The pandemic has also accelerated the shift towards contactless traveling, with more airports harnessing the power of biometrics — such as facial recognition or fever screening — to reduce touchpoints and human contact. Similar technology can also be used to more efficiently scan physical objects, such as explosive detection. Ultimately, passengers will be able to "check-in" and go through a security screening anywhere at the airports, removing queues and bottlenecks.
Data privacy issues
However, as pointed out in Canadian publication The Lawyer's Daily, increased use of AI and biometrics also means increased privacy concerns. For example, health and hygiene measures like digital vaccine passports also mean that airports can collect data on who has been vaccinated and the type of vaccine used.
Auckland Airport, New Zealand
The billion-dollar question: Will we fly less?
At the end of the day, even with all these (mostly positive) changes that we've seen take shape over the past 18 months, the industry faces major uncertainty about whether air travel will ever return to the pre-COVID levels. Not only are people wary about being in crowded and closed airplanes, but the worth of long-distance business travel in particular is being questioned as many have seen that meetings can function remotely, via Zoom and other online apps.
Trying to forecast the future, experts point to the years following the 9/11 terrorist attacks as at least a partial blueprint for what a recovery might look like in the years ahead. Twenty years ago, as passenger enthusiasm for flying waned amid security fears following the attacks, airlines were forced to cancel flights and put planes into storage.
40% of Swedes intend to travel less
According to McKinsey, leisure trips and visits to family and friends rebounded faster than business flights, which took four years to return to pre-crisis levels in the UK. This time too, business travel is expected to lag, with the consulting firm estimating only 80% recovery of pre-pandemic levels by 2024.
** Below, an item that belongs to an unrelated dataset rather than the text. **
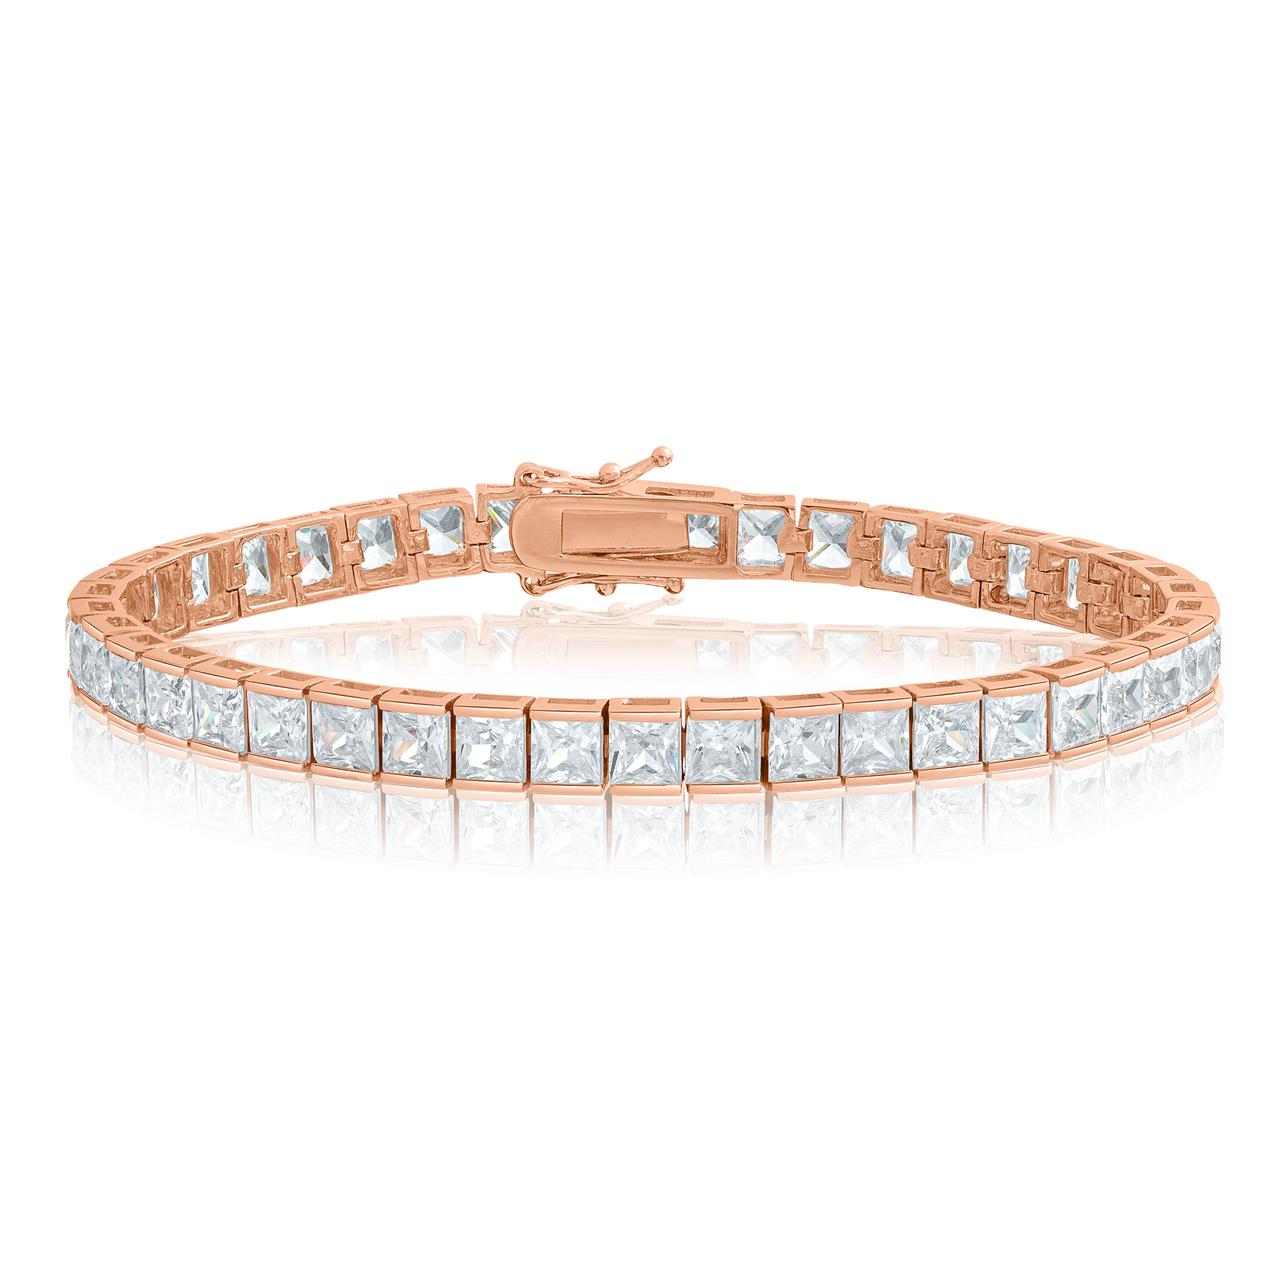 62cb62c1ed017 Cubic Zirconia Tennis Bracelet Rose Gold Plated 4x4mm Square White CZ

But the COVID-19 crisis also came at a time when passengers were already rethinking their travel habits due to climate concerns, while worldwide lockdowns have ushered in a new era of remote working. In Sweden, a survey by the country's largest research company shows that 40% of the population intend to travel less even after the pandemic ends. Similarly in the UK, nearly 60% of adults said during the spring they intended to fly less after being vaccinated against COVID-19 — with climate change cited as a top reason for people wanting to reduce their number of flights, according to research by the University of Bristol.
At the same time, major companies are increasingly forced to face the music of the environmental movement, with several corporations rolling out climate targets over the last few years. Today, five of the 10 biggest buyers of corporate air travel in the US are technology companies: Amazon, IBM, Google, Apple and Microsoft, according to Taipei Times, all of which have set individual targets for environmental stewardship. As such, the era of flying across the Atlantic for a two-hour executive meeting is likely in its dying days.